I was just playing around with OpenAM and found that authentication can be done through SAML as well as cookie based approach of CDSSO. Now my concern is if I am working in domain like banking and healthcare how feasible it would be to go for CDSSO cookie based approach and is their any organization who is practicing cookie based approach in any such domain.
SAML is designed for connecting independent security "domains". The term "domain" in this instance has nothing to do with network domain names, but a rather more nebulous term, meaning a division between security systems. An example to explain a bit better: Company A uses OpenAM to protect its intranet websites, but they also use services from Salesforce. SAML is the obvious choice here - Salesforce isn't going to use a cookie from OpenAM... How could they? You could also use it to interconnect two different systems inside a company (and domain name), like OpenAM and Siteminder, since those two systems can't communicate directly via their cookies.
CDSSO is primarily designed for use inside an organization that could have multiple domains that they protect. They can have multiple policy servers in multiple domains, but all of those servers are managed by the same OpenAM instance, and they all share a common backend. Lots of organizations use OpenAM's (and OAM's, and Siteminder's) CDSSO capabilities. But they use it inside the systems within their control.
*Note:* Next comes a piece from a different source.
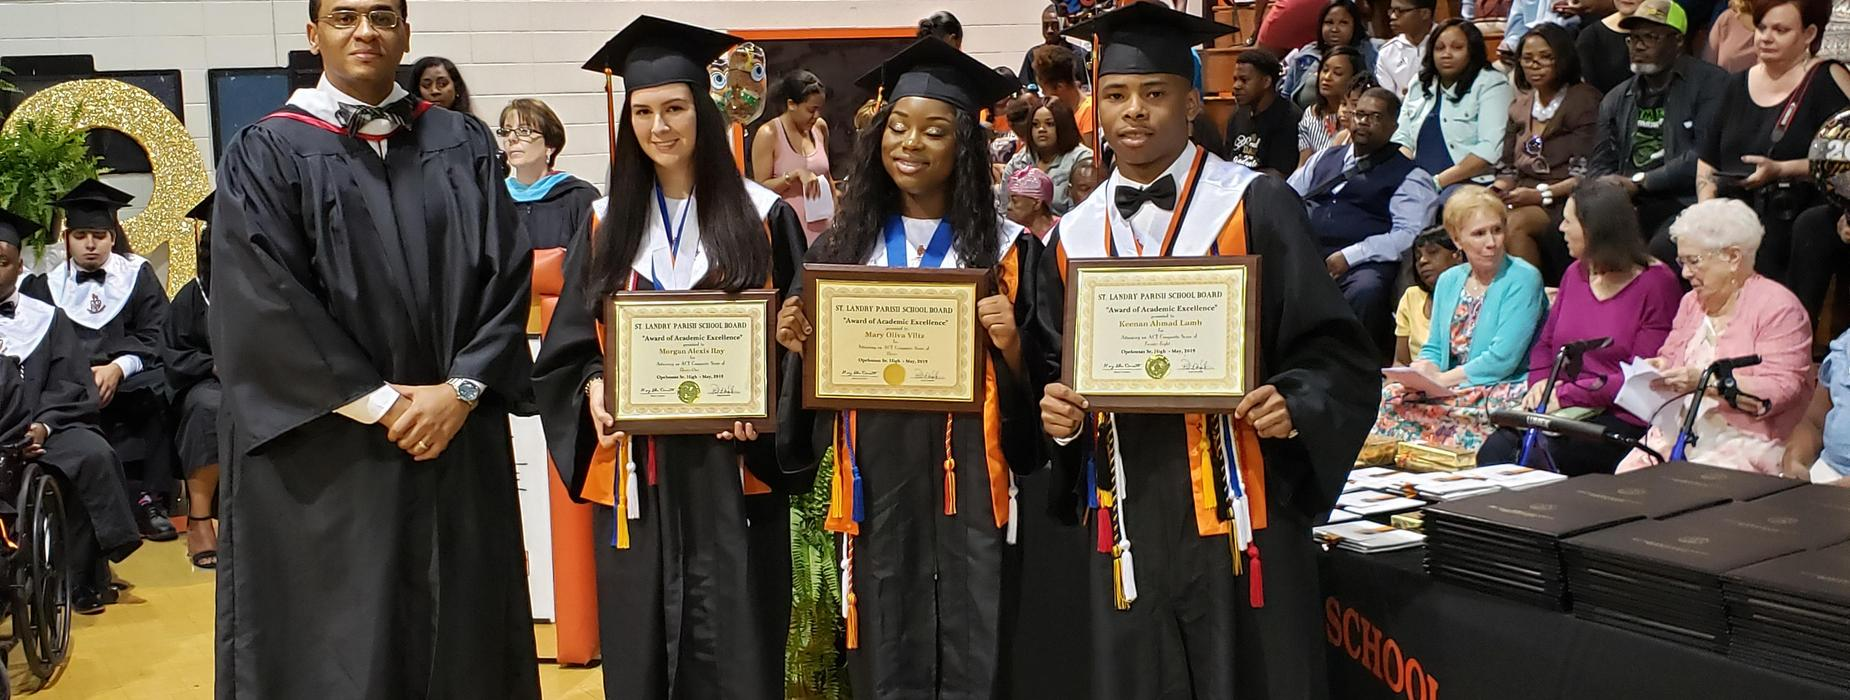 Morgan Ray, Mary Olivia Viltz, and Keenan Lamb received the SLPSB

In addition, I can't think of a single service provider that would want you to place one of your OpenAM policy servers inside their network. You wouldn't want them touching your server, and they wouldn't (if they are right in the head) trust you to not be dropping a trojan in their network.
TL;DR:
SAML - outside of an administrative domain
CDSSO - inside an administrative domain
SAML is the standards based way of achieving SSO for, Agents is the proprietary way.
SAML does not offer any authorization (which user is allowed access to a given resource) out-of-the box ... that's the backdraw.